System Design and Tooling That Help
- Deterministic harness with fixed seeds, pinned dependencies, and stable fixtures.
- Tight CI gates that block merges on coverage drop, new warnings, or widened types.
- Small PRs by policy to make human review easier and model patches safer.
- Static analysis and type hints to reduce the search space for the agent.
- Diff review bots that flag unrelated or duplicated code in generated patches
- Trace capture that persists failing inputs and stack traces, so you feed the same truth back to the agent
When to Rewrite Tests Versus Fix Code
- Rewrite the test when it encodes an outdated contract, uses flaky timing or IO, or relies on incidental structure with no guarantee.
- Fix the code when the test clearly expresses intended behavior and production logic drifted.
- Do both when the spec evolved. Update the test to the new contract and patch the code to match, and include a migration note in the pull request.
Metrics That Keep Your Agent Honest
- Mean time to fix for agent assisted pull requests versus human only baselines.
- Reopen rate and revert rate for agent patches.

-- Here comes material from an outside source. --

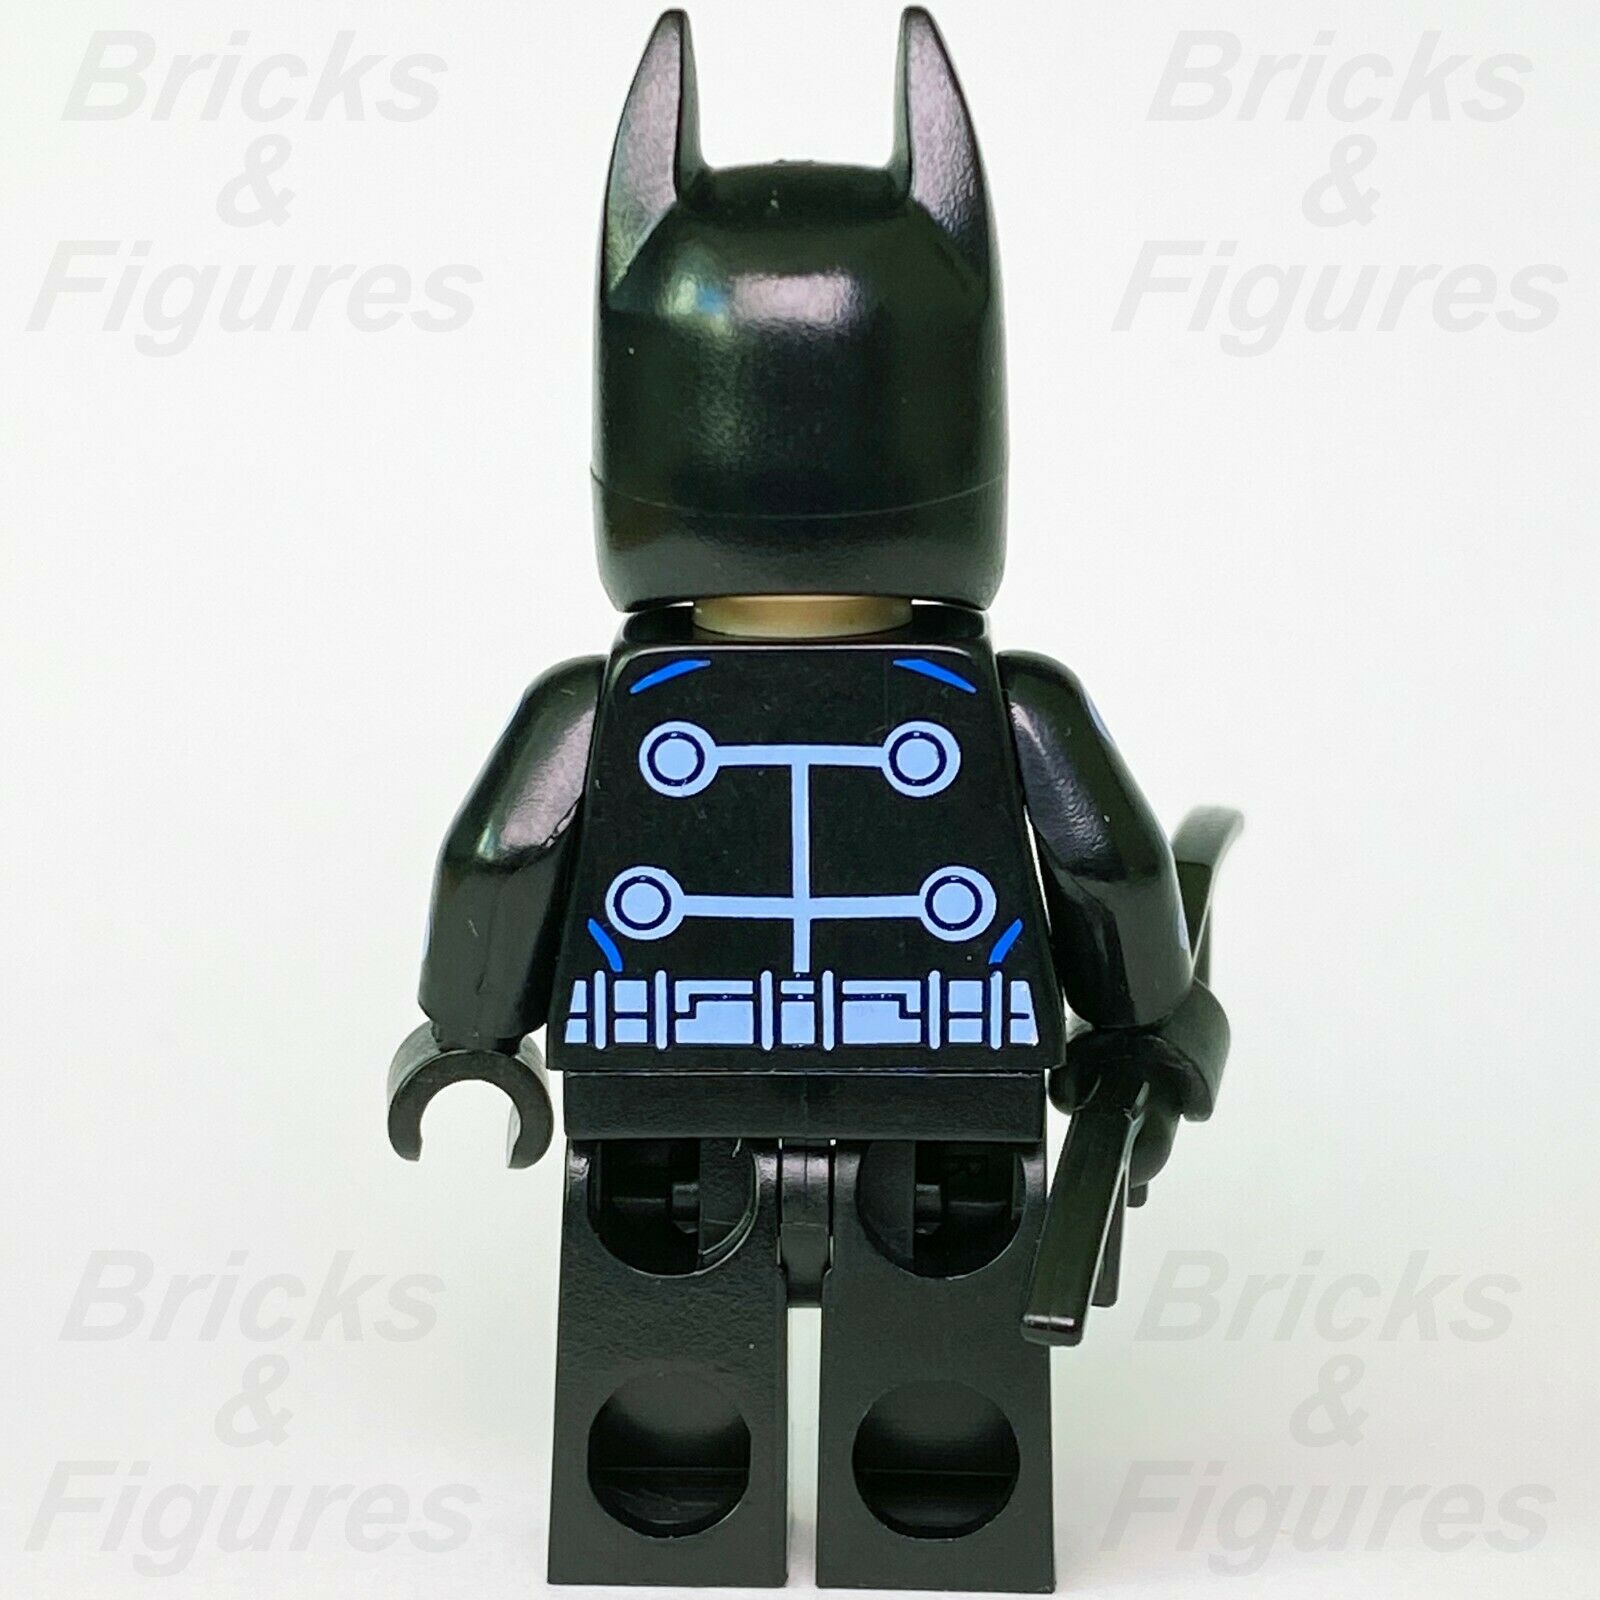 DC Super Heroes LEGO Batman 2 in Electro Suit Justice League Minifigure 5002889 - Bricks & Figures

- Test flakiness before and after policy changes.
- Diff size and file count per fix since smaller is usually better.
- Coverage trend and type error counts over time.
What This Means for Teams
Product leaders can expect acceleration in creation and exploratory coding. Do not plan on autonomous bug fixing without human capacity in the loop.
Tech leads should treat agents like junior developers who need crisp specs, guardrails, and reviews. Invest in determinism, test clarity, and telemetry.
Developers can use agents to scaffold and to propose minimal diffs while owning diagnosis, invariants, and final verification.
Closing
Agentic LLMs such as Claude, Gemini, and GPT turn ideas into working code quickly. Debugging remains deeply human and depends on evidence, invariants, and judgment. Keep a serious human in the loop, constrain edits, and demand explainability. You will get fast creation without shipping a brittle product. If your only exposure is playground demos, wire agents into a real app and a real test suite, and the lessons will arrive quickly and stick.